The slider is defined by a cooking method that is the opposite of every griddle burger: it is steamed, not seared. A small, thin square patty is set on a bed of shredded onion and cooked through with steam rather than driven hard against a hot flat-top for a crust. That single decision is the whole sandwich. There is no Maillard lacquer and no charred edge, because the steam keeps the patty pale and soft and pushes onion flavor and moisture up into the meat and the bun together, so the result is uniformly tender rather than crusted and chewy.
The craft is in the bed of onion and the bun. The shredded onion is not a topping laid on after; it is the cooking surface, spread on the steam table so the patty sits in it and the rising vapor carries its sweetness and steam through holes in the patty into the bread above. The bun is small and very soft, sized exactly to the little square patty, and it is set over the cooking patty so it steams along with it rather than being toasted separately. A single pickle slice is the only acidic and firm element, deliberately spare, because the sandwich is small and one sharp note is enough to cut a soft, oniony, mild build. Everything is scaled down on purpose: the patty is thin and square so it cooks fast in steam and matches the small bun, and the whole thing is light enough to eat several in one sitting, which is the structural logic of selling them by the bagful.
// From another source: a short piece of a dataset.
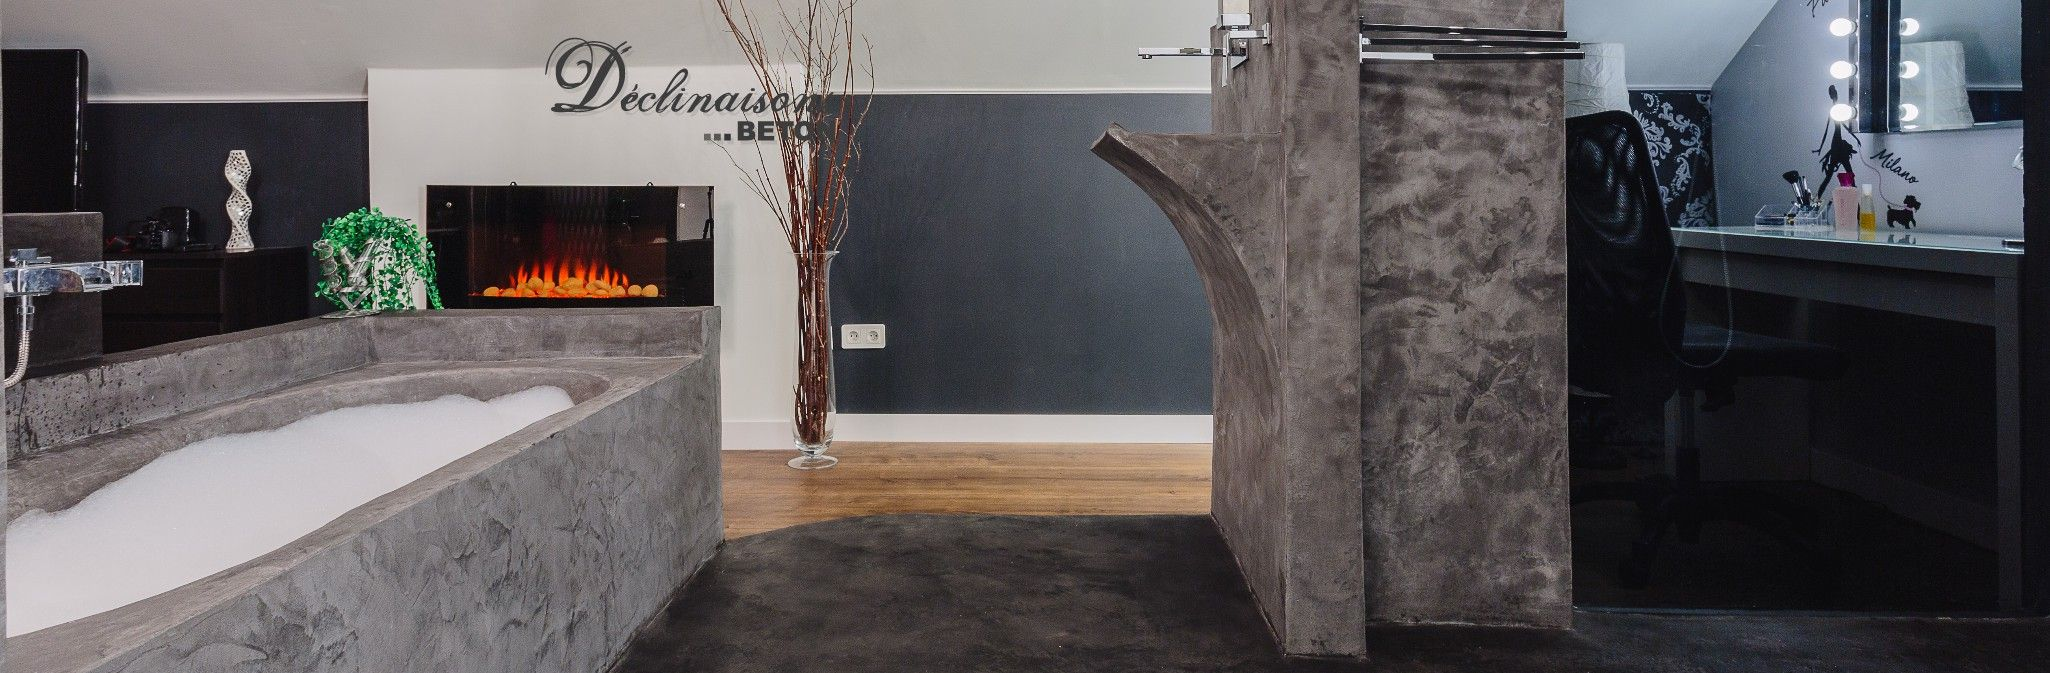 Salle De Bain En Mortex vue salle de bain en mortex. baignoir et �vier en mortex.

The variations stay inside the small, steamed frame. A slice of cheese melted on under the bun, or a different patty filling, changes the flavor without changing the steam-and-onion method that defines it. Scaling the patty up or searing it on a flat-top turns it into a different, crusted burger and abandons the entire logic of the steam bed. Those builds deserve their own articles rather than being crowded in here.